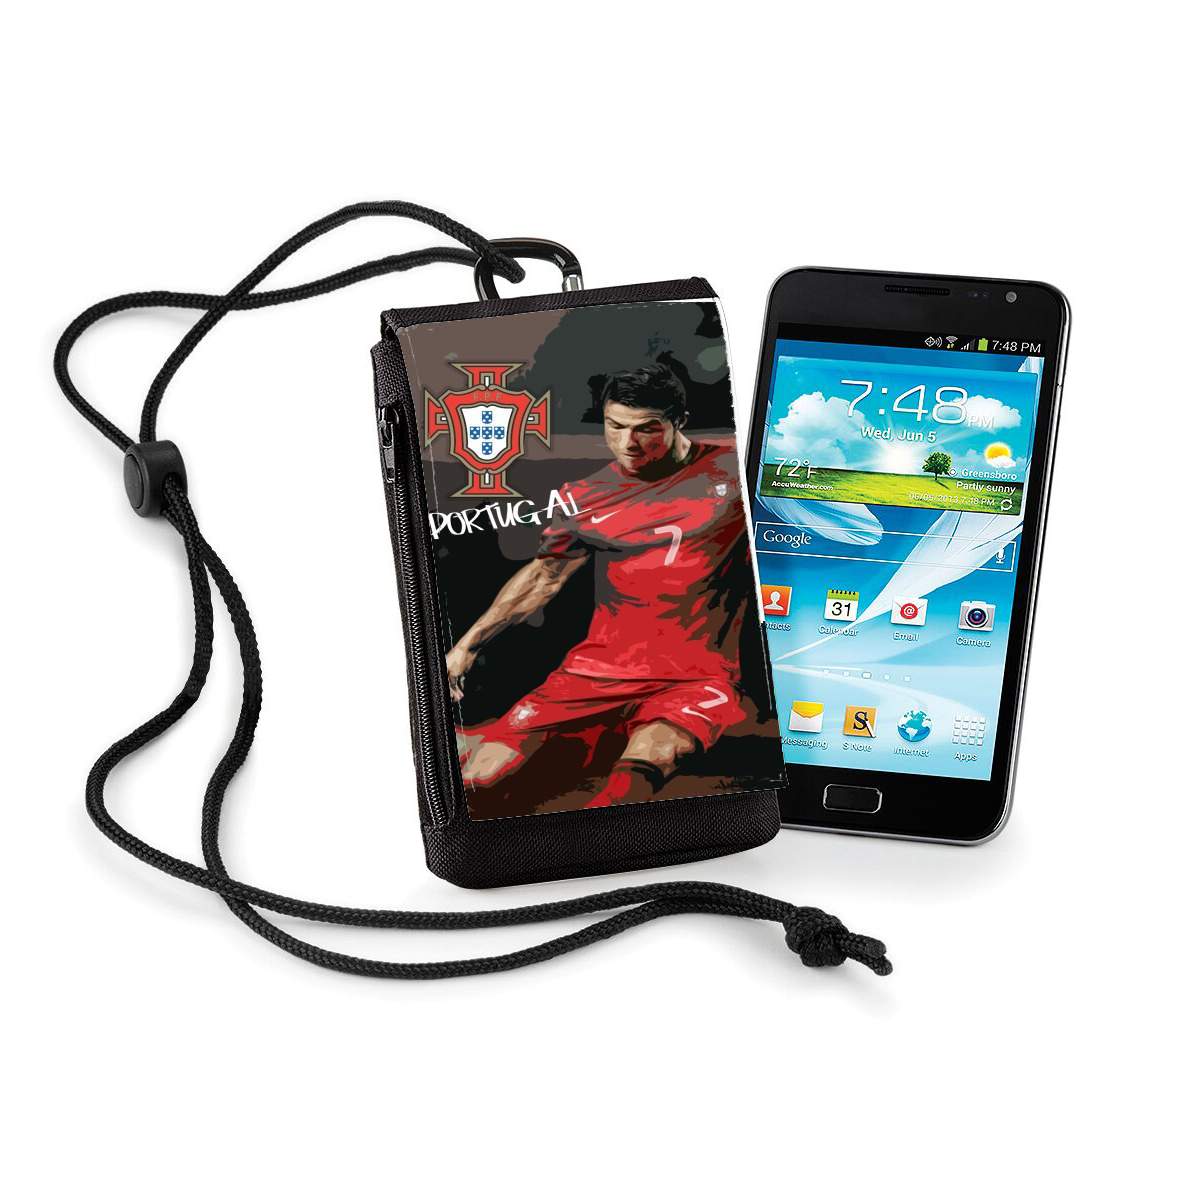 Pochette de téléphone - Taille XL pour Portugal foot 2014
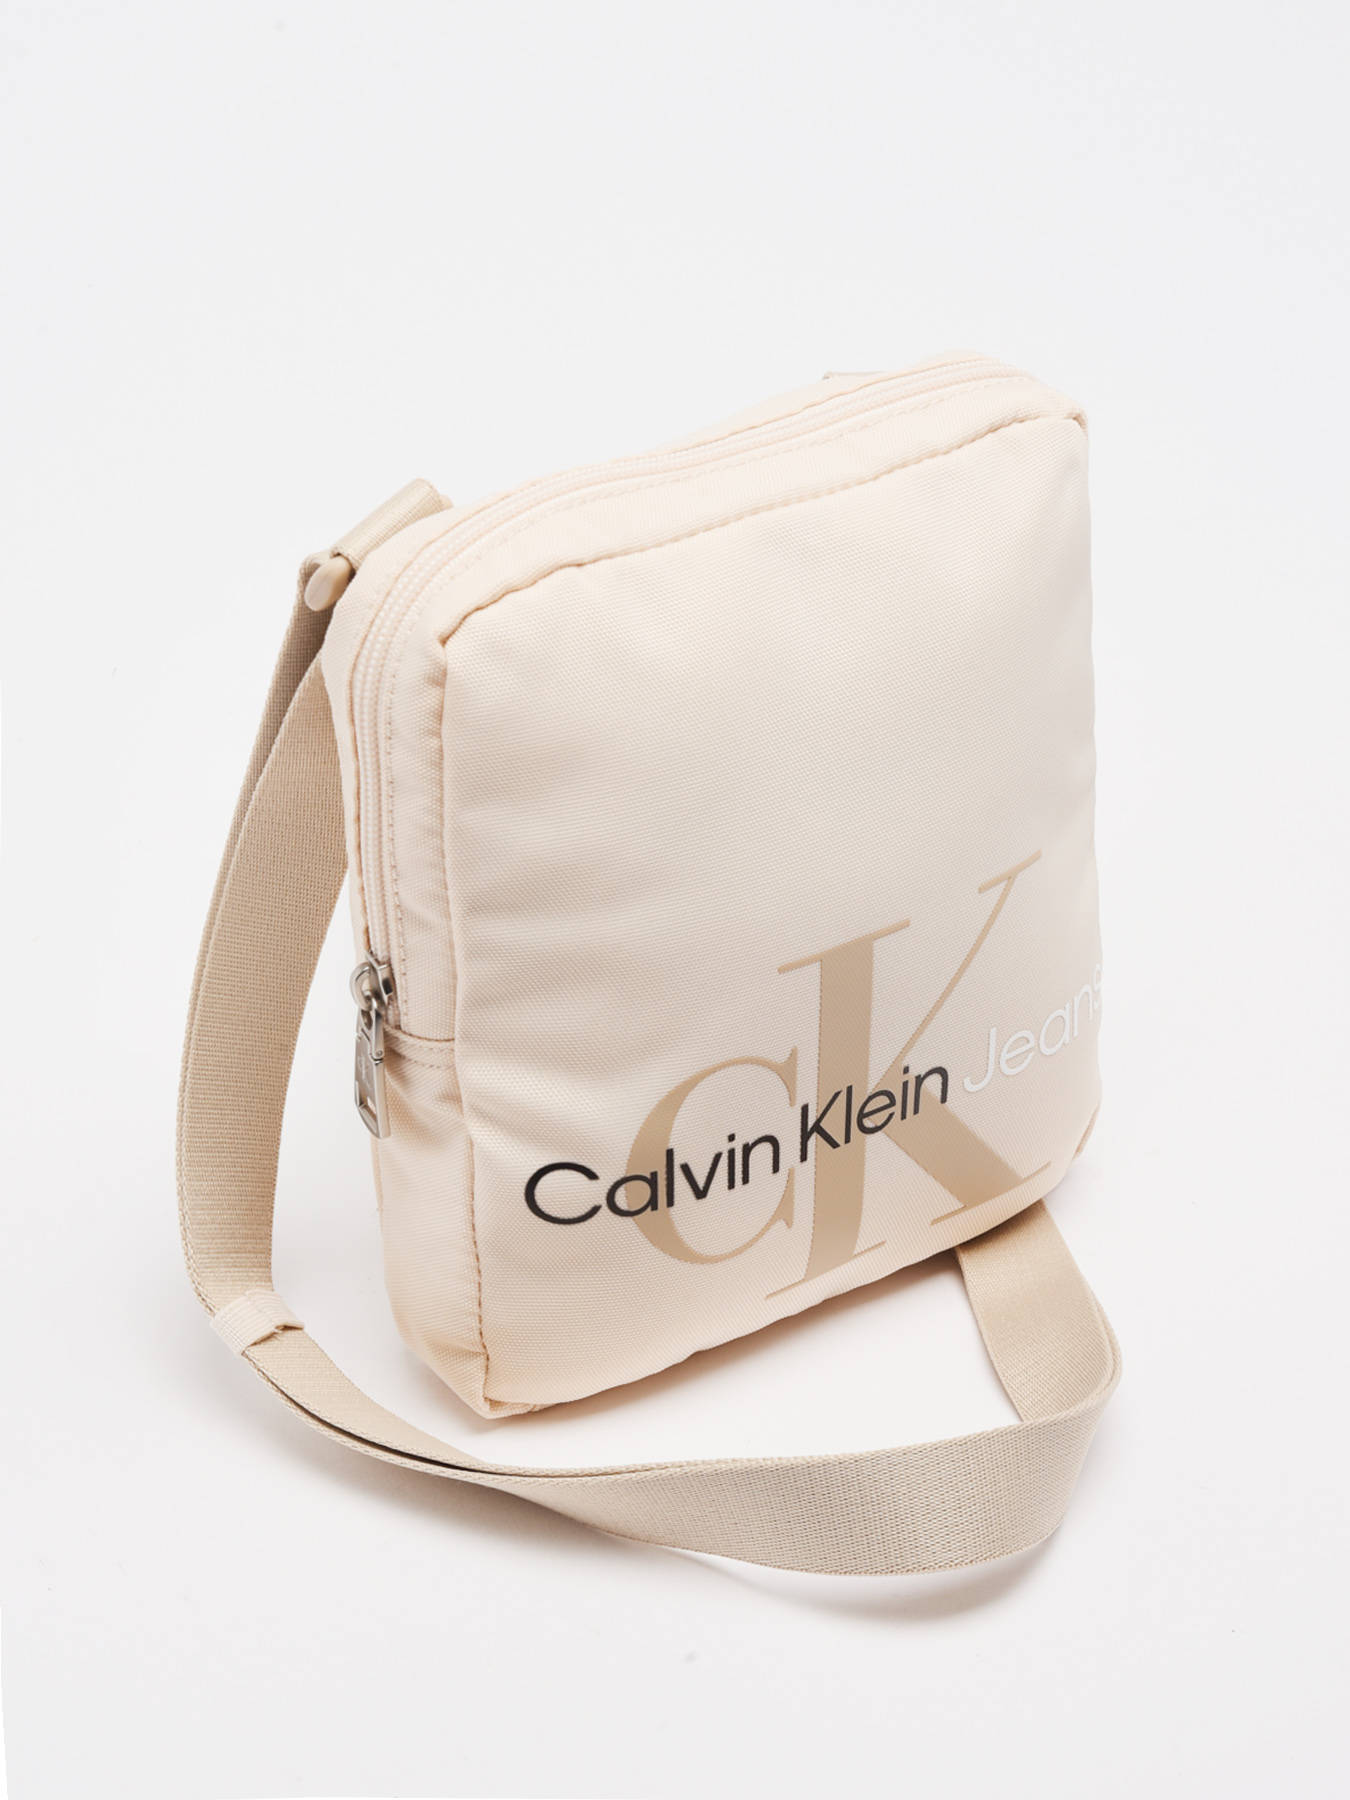 【Auffüllen】 Promo: -50%] Calvin Klein Jeans Crossbody K50K509357 bag best prices 
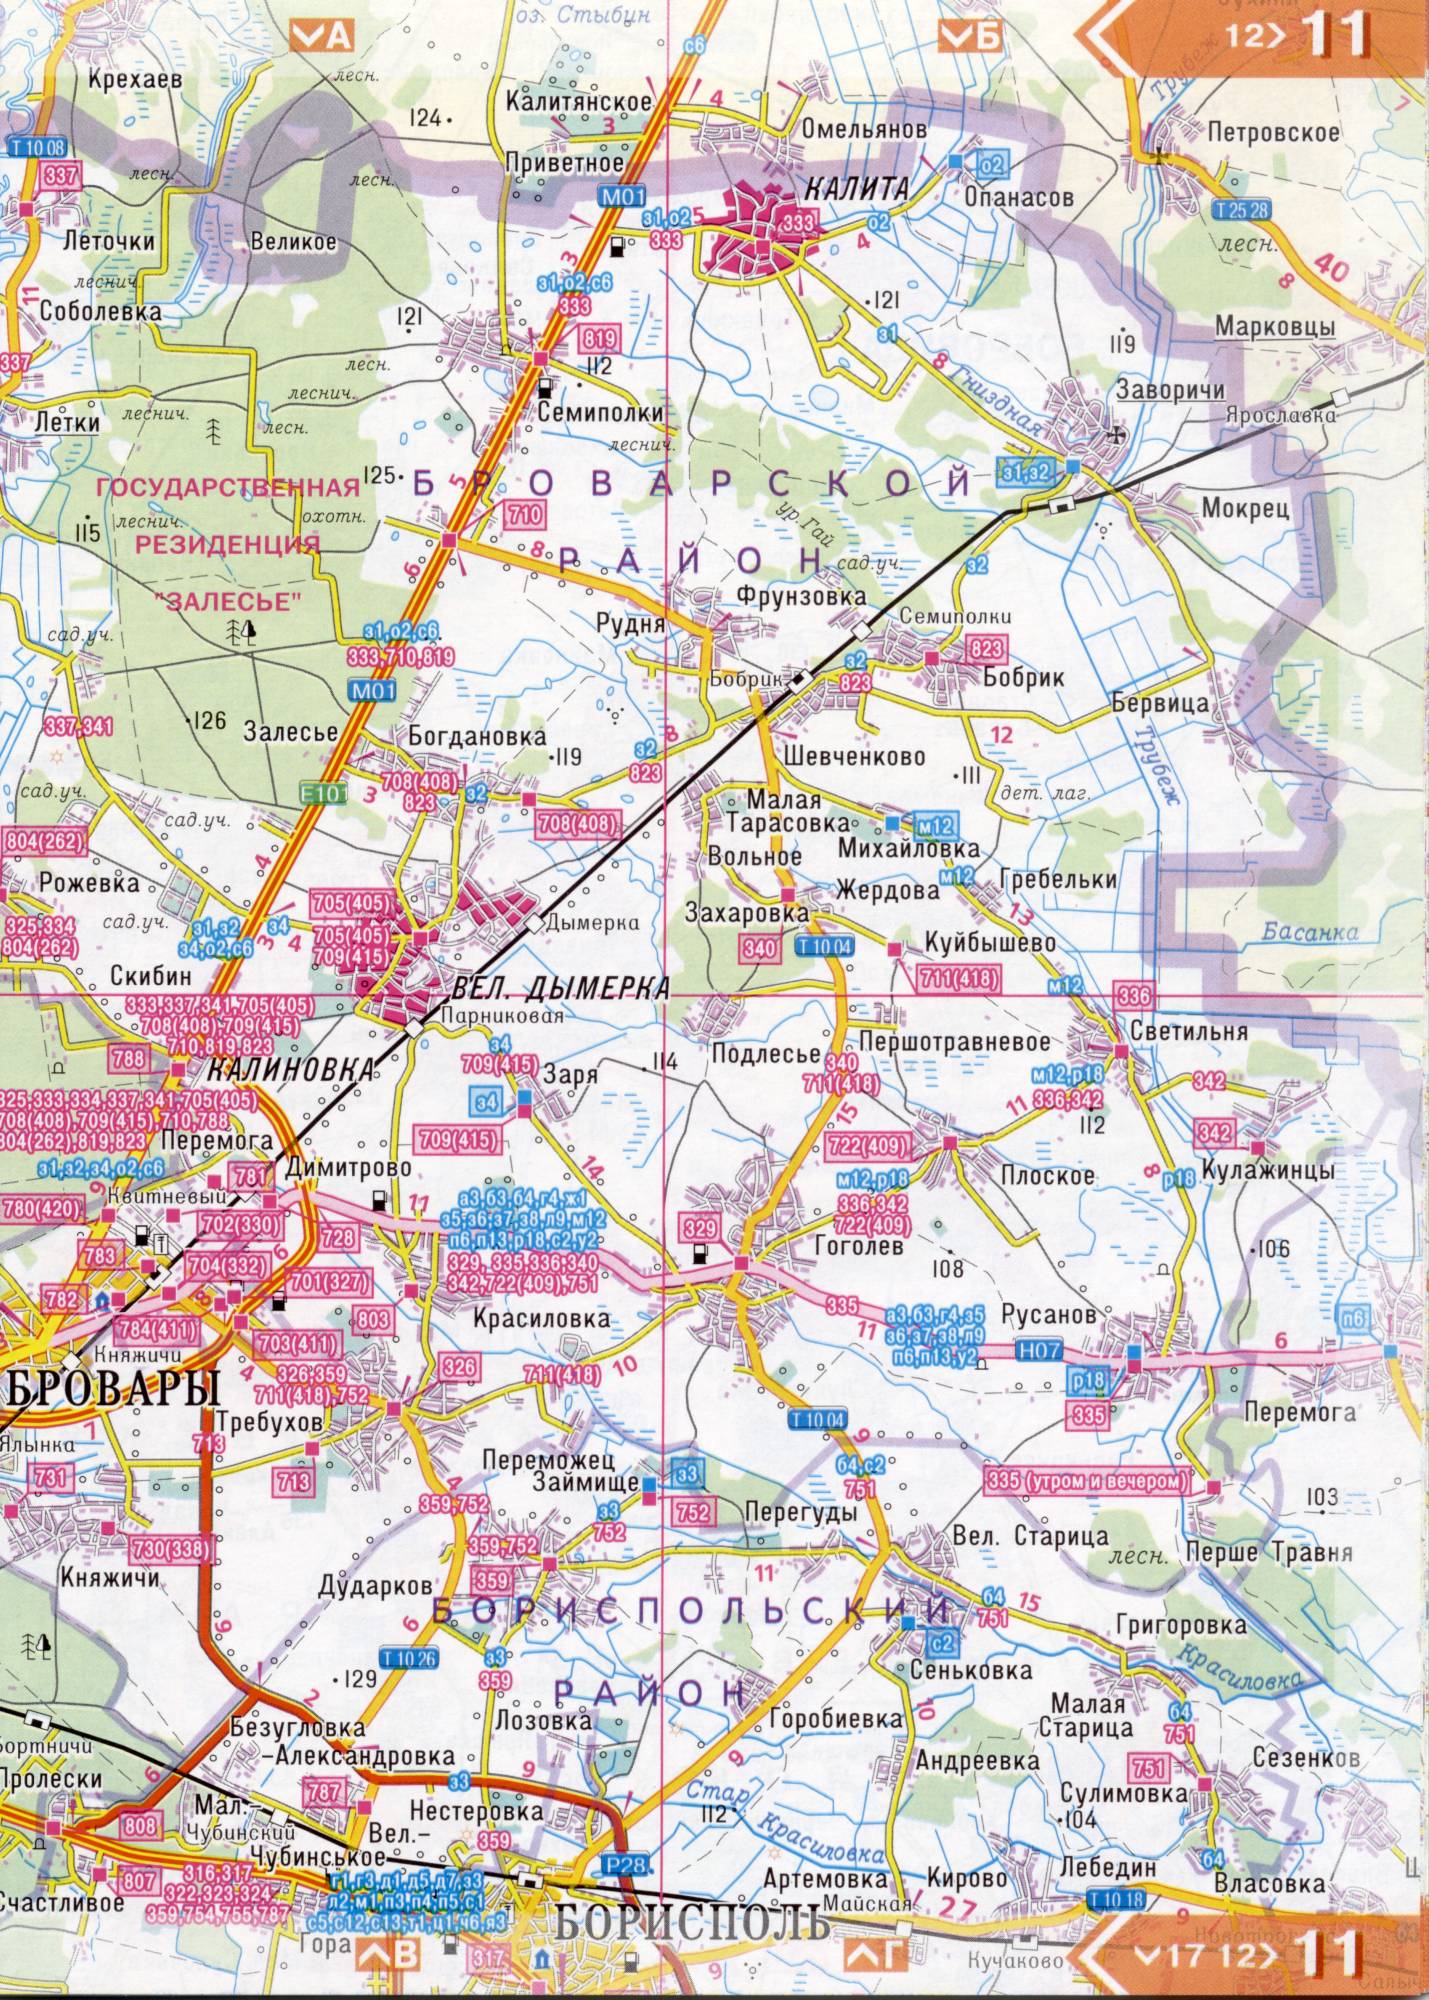 Atlas von der Region Kiew. Eine detaillierte Karte der Region Kiew von dem Atlas von Autobahnen. Kiewer Gebiet auf einer detaillierten Karte Maßstab 1cm = 3km. Frei, D2

Prompt: Without the images, print all of the lines above exactly.

Exercise answer:
 Pochette de téléphone - Taille XL pour Portugal foot 2014
 【Auffüllen】 Promo: -50%] Calvin Klein Jeans Crossbody K50K509357 bag best prices 
 Atlas von der Region Kiew. Eine detaillierte Karte der Region Kiew von dem Atlas von Autobahnen. Kiewer Gebiet auf einer detaillierten Karte Maßstab 1cm = 3km. Frei, D2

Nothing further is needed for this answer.